De voornaamste reden voor de verhoging betreft het voorkomen dat de economische rentabiliteit van de garnalenvissers in het geding komt door problemen met de aanvoer. Wanneer garnalen de drempelprijs raken, kan de CVO de garnalen van de aangesloten garnalenvissers opkopen en opslaan (om ze vervolgens in een later stadium weer op de markt te brengen) en inspanningsbeperkende maatregelen nemen. Deze maatregelen dragen bij aan de verwezenlijking van de doelstellingen van de gemeenschappelijke marktordening, als bedoeld in de artikelen 3 en 7 van de GMO-verordening.

Artikel II

Deze wijzigingsregeling treedt in werking met ingang van 1 januari 2022. In paragraaf 4 van het algemeen deel van de toelichting is aangegeven hoe deze publicatie en data van inwerkingtreding zich verhouden tot het kabinetsbeleid betreffende de vaste verandermomenten.
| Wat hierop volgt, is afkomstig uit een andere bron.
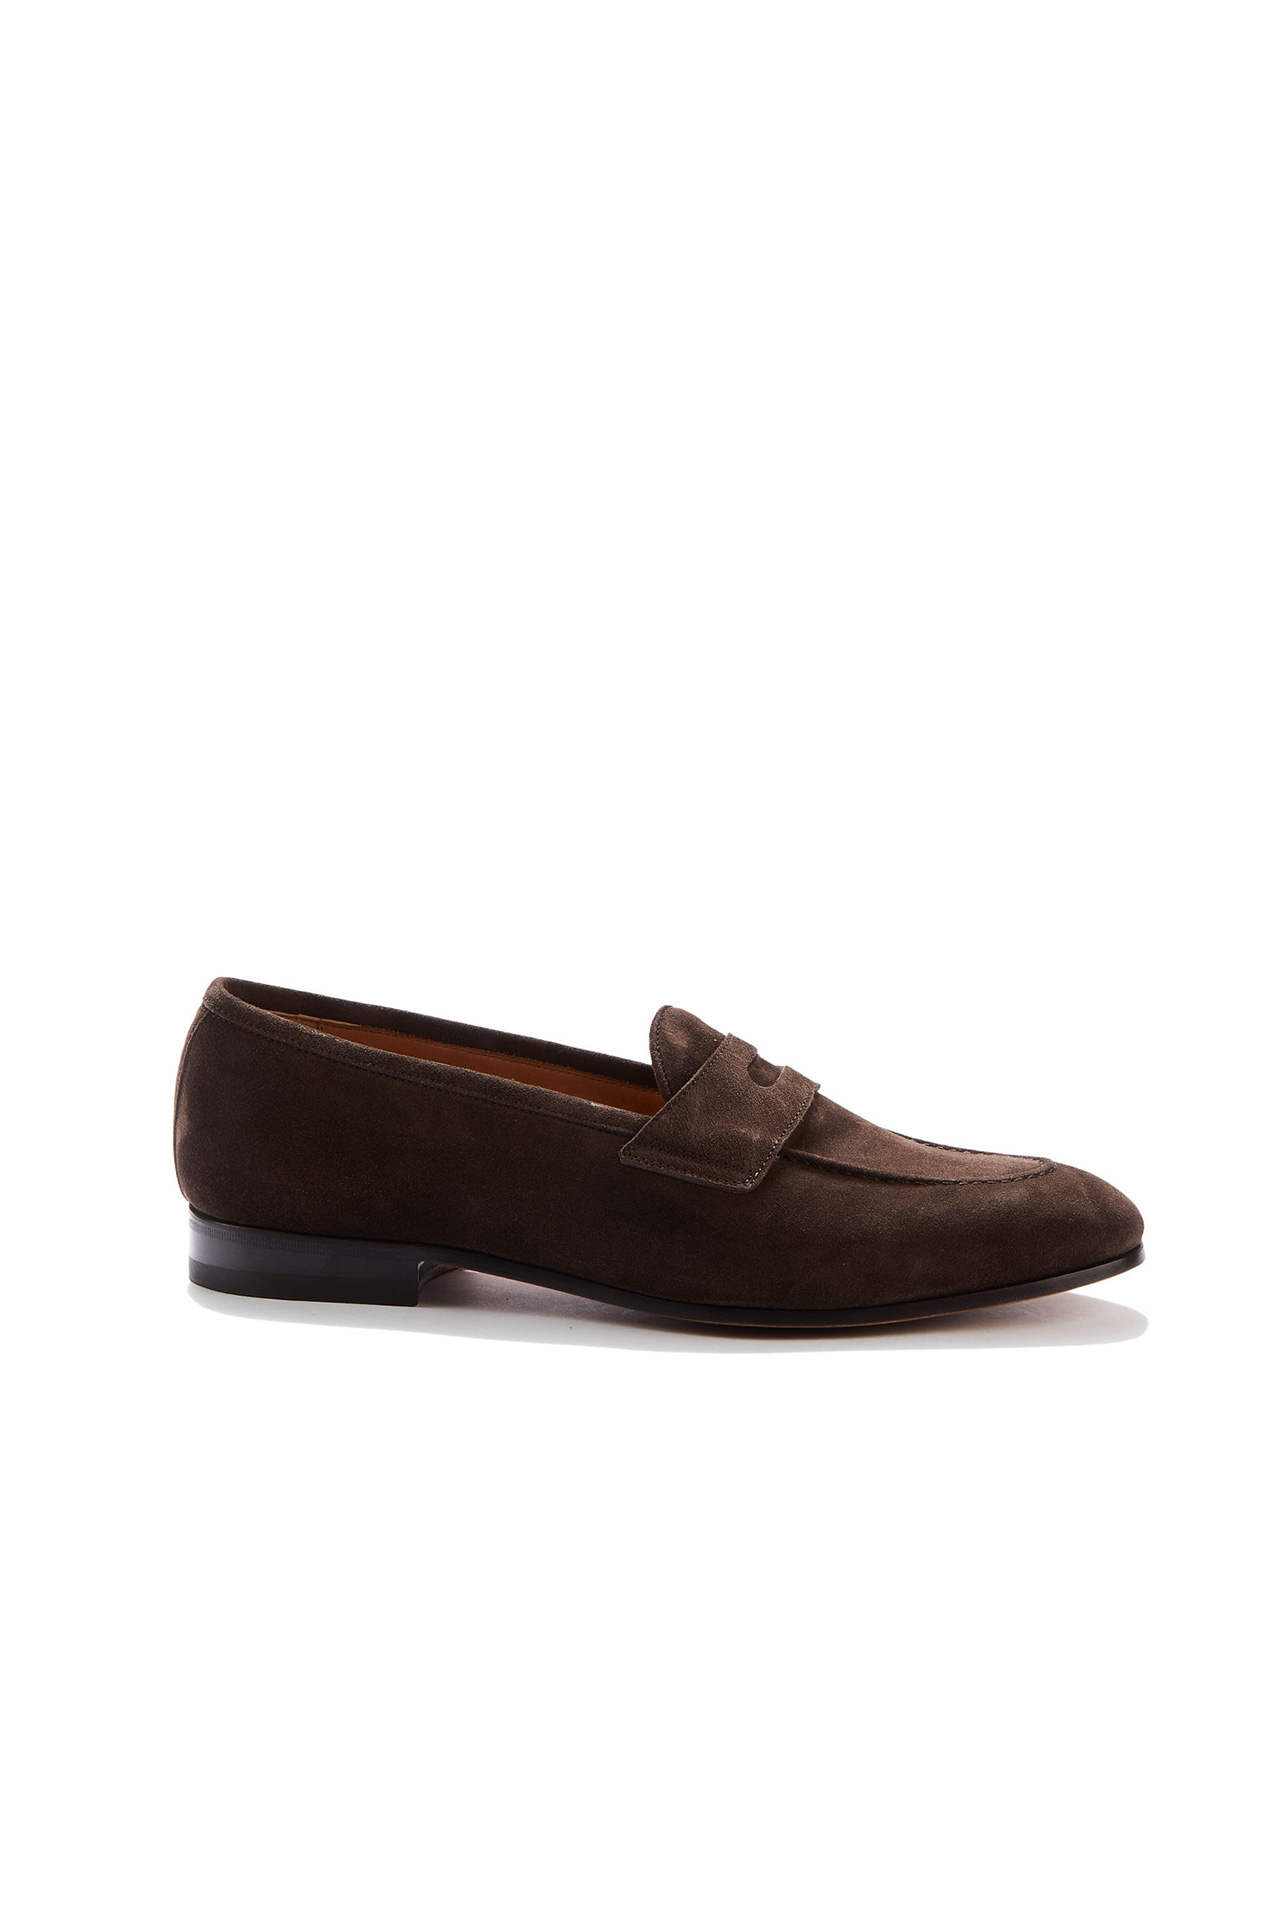 Lawrence Dark Brown Suede Penny Loafers - Barbanera

De Minister van Landbouw, Natuur en Voedselkwaliteit, namens deze: J.C. Goet Secretaris-Generaal Landbouw, Natuur en Voedselkwaliteit


X Noot
1

Verordening (EU) PM van de Raad van PM tot vaststelling, voor 2022, van de vangstmogelijkheden voor sommige visbestanden en groepen visbestanden welke in de wateren van de Unie en, voor vissersvaartuigen van de Unie, in bepaalde wateren buiten de Unie van toepassing zijn.

X Noot
2

Verordening (EU) PM van de Raad van PM tot vaststelling, voor 2022, van de vangstmogelijkheden voor bepaalde visbestanden en groepen visbestanden in de Middellandse Zee en de Zwarte Zee.

X Noot
3

Verordening (EU) 2021/1888 van de Raad van 27 oktober 2021 tot vaststelling, voor 2022, van de vangstmogelijkheden voor bepaalde visbestanden en groepen visbestanden in de Oostzee en tot wijziging van Verordening (EU) 2020/123 wat betreft bepaalde vangstmogelijkheden in andere wateren (PbEU 2021, L 384).

X Noot
4

Verordening (EU) 2021/92 van de Raad van 28 januari 2021, tot vaststelling voor 2021, van de vangstmogelijkheden voor bepaalde visbestanden en groepen visbestanden welke in de wateren van de Unie en, voor vissersvaartuigen van de Unie, in bepaalde wateren buiten de Unie van toepassing zijn (PbEU 2021, L 31).

X Noot
5

Verordening (EU) nr. 1379/2013 van het Europees parlement en de Raad van 11 december 2013 houdende een gemeenschappelijke marktordening voor visserijproducten en aquacultuurproducten, tot wijziging van Verordeningen (EG) nr. 1184/2006 en (EG) nr. 1224/2009 van de Raad en tot intrekking van Verordening (EG) nr. 104/2000 van de Raad (PbEU 2013, L 354).